Reaction-diffusion processes in zero transverse dimensions as toy models for high-energy QCD
Nestor Armesto, Sergey Bondarenko, Jose Guilherme Milhano, Paloma, Quiroga

TL;DR
This paper investigates zero-dimensional reaction-diffusion models as simplified representations of high-energy QCD evolution, finding that only reversible processes exhibit expected amplitude growth and that certain modifications slow evolution.
Contribution
It compares different reaction-diffusion models as toy models for QCD, highlighting the unique behavior of reversible processes and effects of various modifications.
Findings
Reversible processes show increasing scattering amplitude with rapidity.
Recombination, quantum loops, and running couplings slow down evolution.

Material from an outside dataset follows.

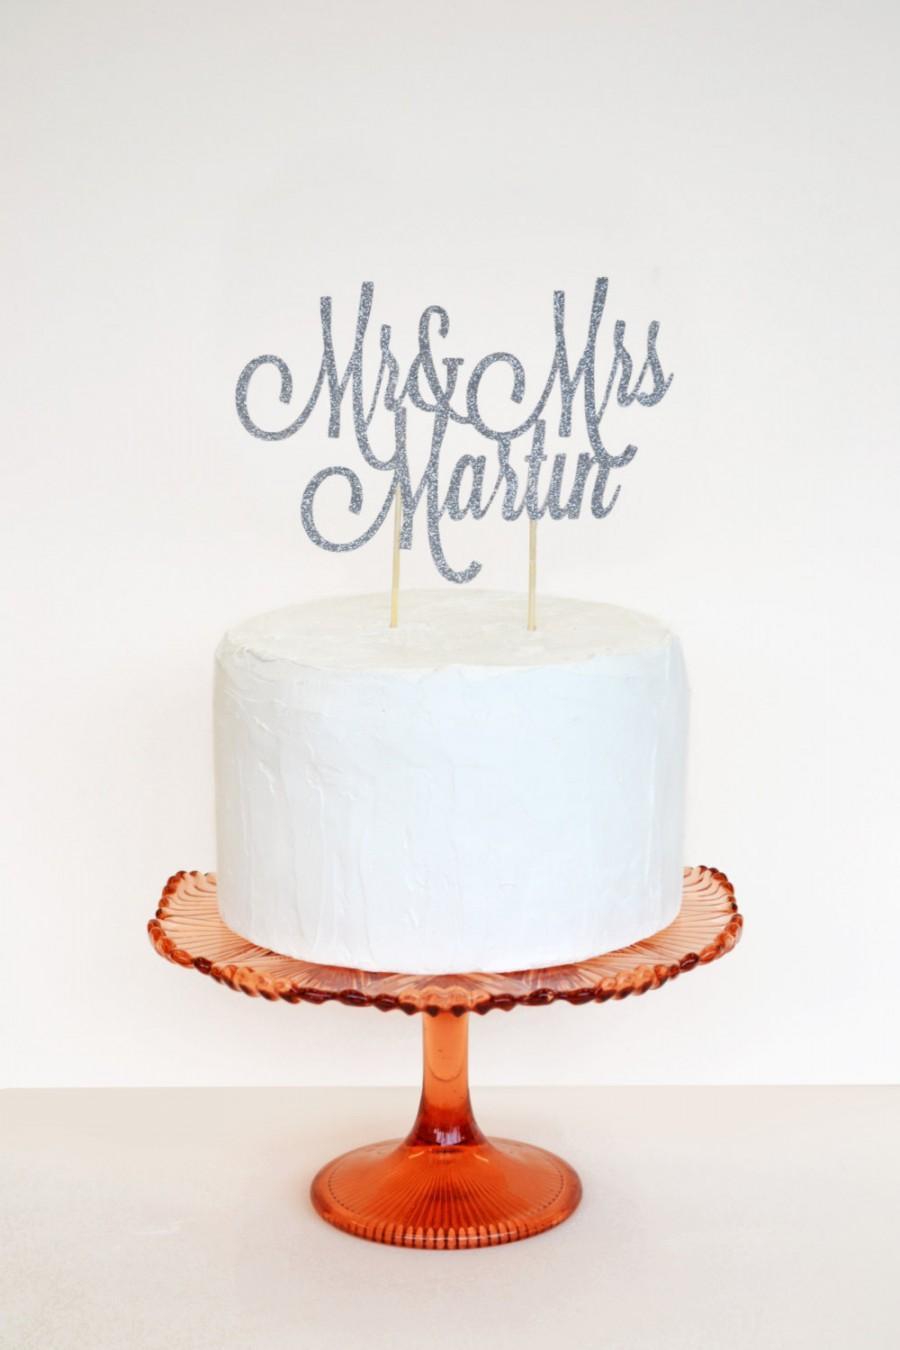 Hochzeit - Glitter custom name cake topper or wedding decoration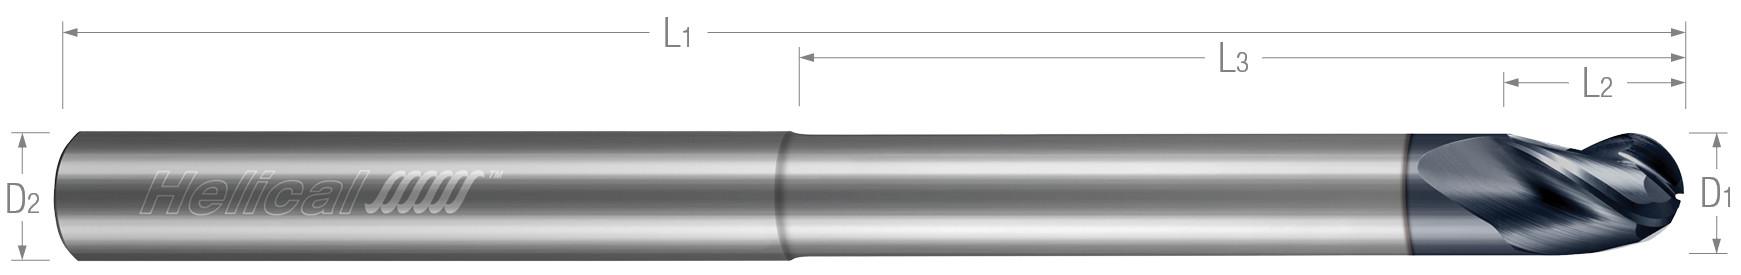 3 Flute, Ball - Reduced Neck (Aplus)

Only reversible processes match expected high-energy QCD behavior.
Abstract
We examine numerically different zero-dimensional reaction-diffusion processes as candidate toy models for high-energy QCD evolution. Of the models examined -- Reggeon Field Theory, Directed Percolation and Reversible Processes -- only the latter shows the behaviour commonly expected, namely an increase of the scattering amplitude with increasing rapidity. Further, we find that increasing recombination terms, quantum loops and the heuristic inclusion of a running of the couplings, generically slow down the evolution.